At first, I was blown away by this.  How could that be possible?  But then I remembered my own experience, my own testimony.  I got pregnant, and my worst fear was losing the baby.  That happened.  And God helped me get through it.  Now, looking back, I am thankful that God allowed that to happen.  This world is broken, and life is never perfect-- but God redeems.  
Suddenly, I understood.  My experience was not the same.  But the feeling I had was.  There is no way this could happen.  And God asking, will you trust me if it does?  That journey of faith is hard-- that struggle is unbelievably difficult.  But I’m so glad God allowed me to walk through it.  
Now, Mandy Harvey worships in Sign Language.  When she sings, she also signs, which makes me so happy.  I have felt for years that ASL is my “heart language”, it is the language where I can express myself so much better, and clearer, than in English.  It is the language I prefer to worship in.  It just speaks to me on such a deep level.  So when I see Mandy and hear her sing, not only do I hear her beautiful voice, but I am also blessed by watching her sign.  
It still blows my mind when I think of all the challenges that Mandy has to overcome to do what she does.  On one of the facebook posts I was reading, a woman wrote that Mandy goes to her church and often helps with worship.  I had to think about that really hard.  It is so casually mentioned.  “She helps out with worship a lot.”  Mandy can’t hear.  How does she know, when she is singing with other people, that they are singing the same thing at the same time?  How does she learn new songs?  What about when there are impromptu breaks in the songs for prayer or a few words?  How on earth does she do this?  I have no idea.  It is so easy to casually mention, but the magnitude of what she has to overcome to do this is mind blowing.  
Mandy says she shares her music because she loves to bless others.  Mandy literally goes around blessing others with her incredible voice and beautiful music-- and she can’t hear a note.  It has been a difficult and challenging season, and reading a story like this inspires me so, so much.   

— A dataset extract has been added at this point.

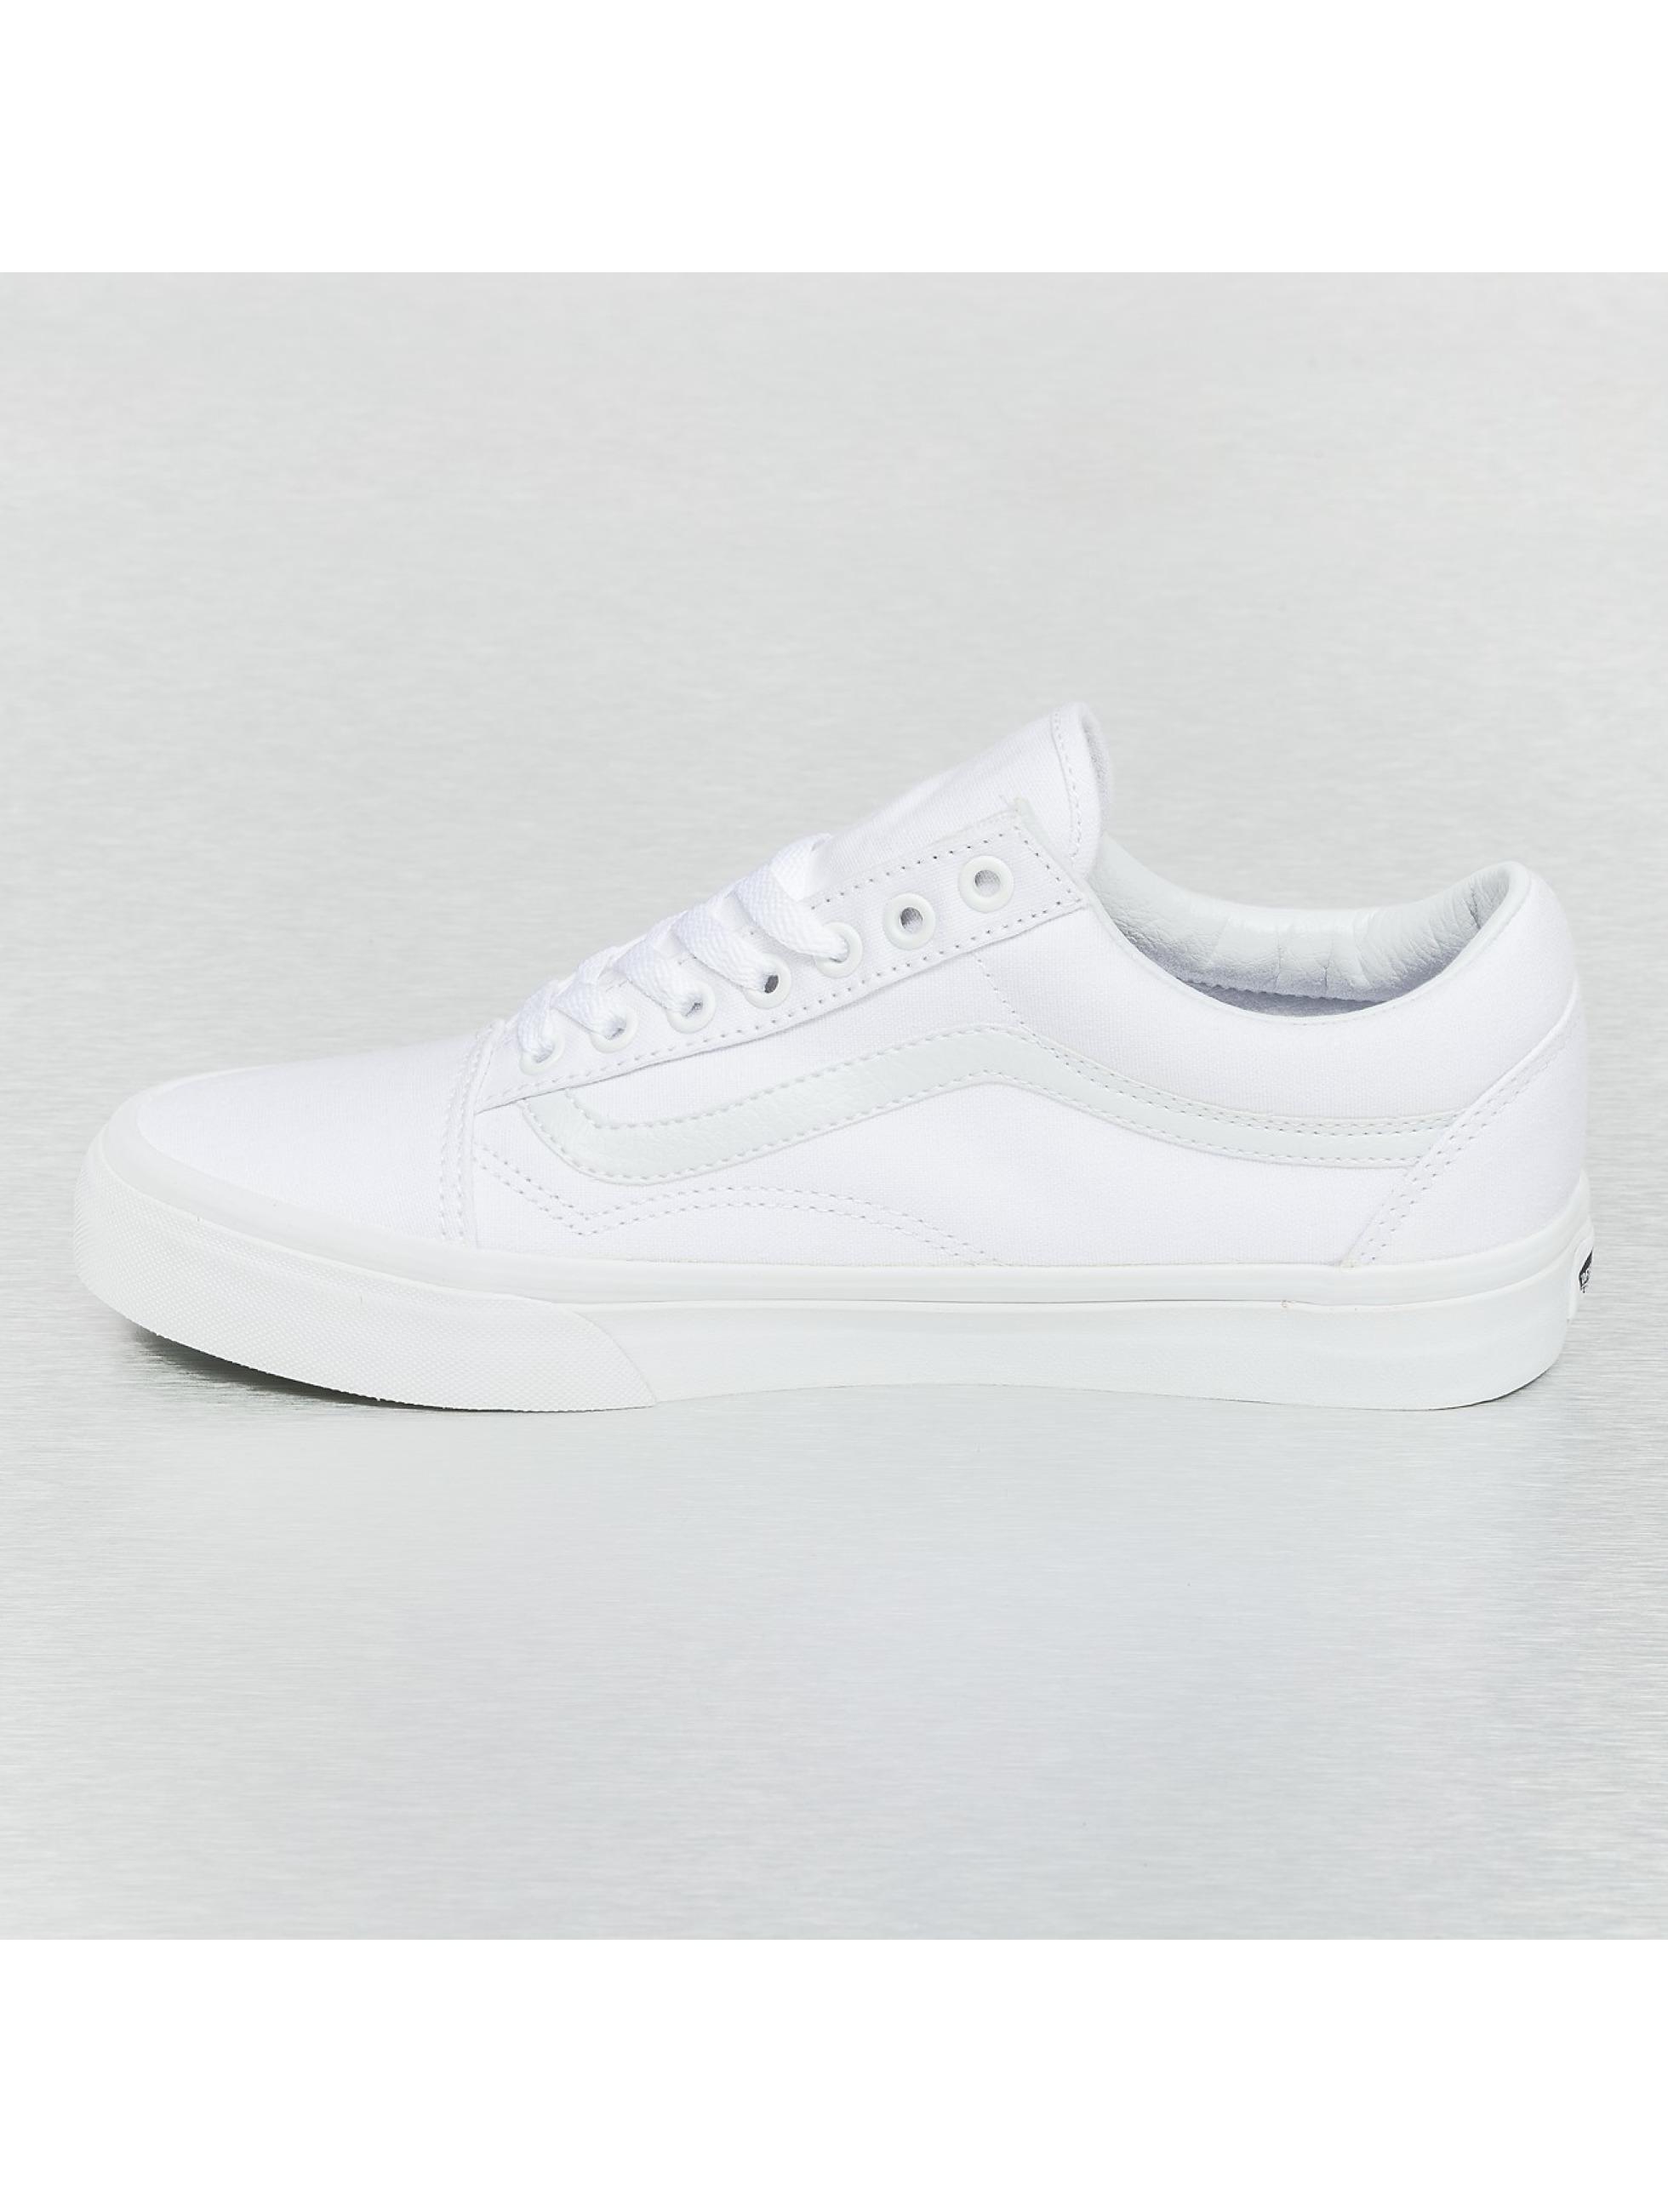 Vans Sneakers Old Skool white

I first heard of her because she auditioned for America’s Got Talent, and earned Simon’s golden buzzer.  She will be singing again on at the live show tonight, and if you all could vote for her, that would be amazing!  This incredible young lady deserves it.  

16 August 2017

Broken

Broken.  Weak.  Tired.  Sorrowful.  Emotional.  Mess.  

These are all words that come to mind when I think of where I’m at currently.  

It has been such a hard season.  The loss of dear friends, has caused me such grief.  Greater than I even realized.  All of the changes-- so abrupt, so overwhelming.  And the conflicts James and I have had because of our stress and worry.  

It has built and built.  All of the emotion.  Until I finally just have nothing left.  Last week I reached a breaking point.  

But I reached out-- and thankfully kind hands caught me and lifted me out of despair, pointing me toward truth.  

I feel like I am slowly healing.  

I am still a mess.  I still fall apart emotionally, so easily.  So many deep emotions lurking just below the surface.  But.  I am finally coming out of this valley.  

Our kind pastor reminded me of my identity.  When I am falling apart emotionally, he pointed me to this chapter, Ephesians 1.  In him we have redemption through his blood, the forgiveness of sins, in accordance with the riches of God’s grace.  

There is no condemnation.  I am God’s princess.  I am dearly loved-- by God first and foremost.  But also by my family.  My family-- who have had so much grace and patience for me this week.  

This difficult season will pass.  I am beginning to see the light.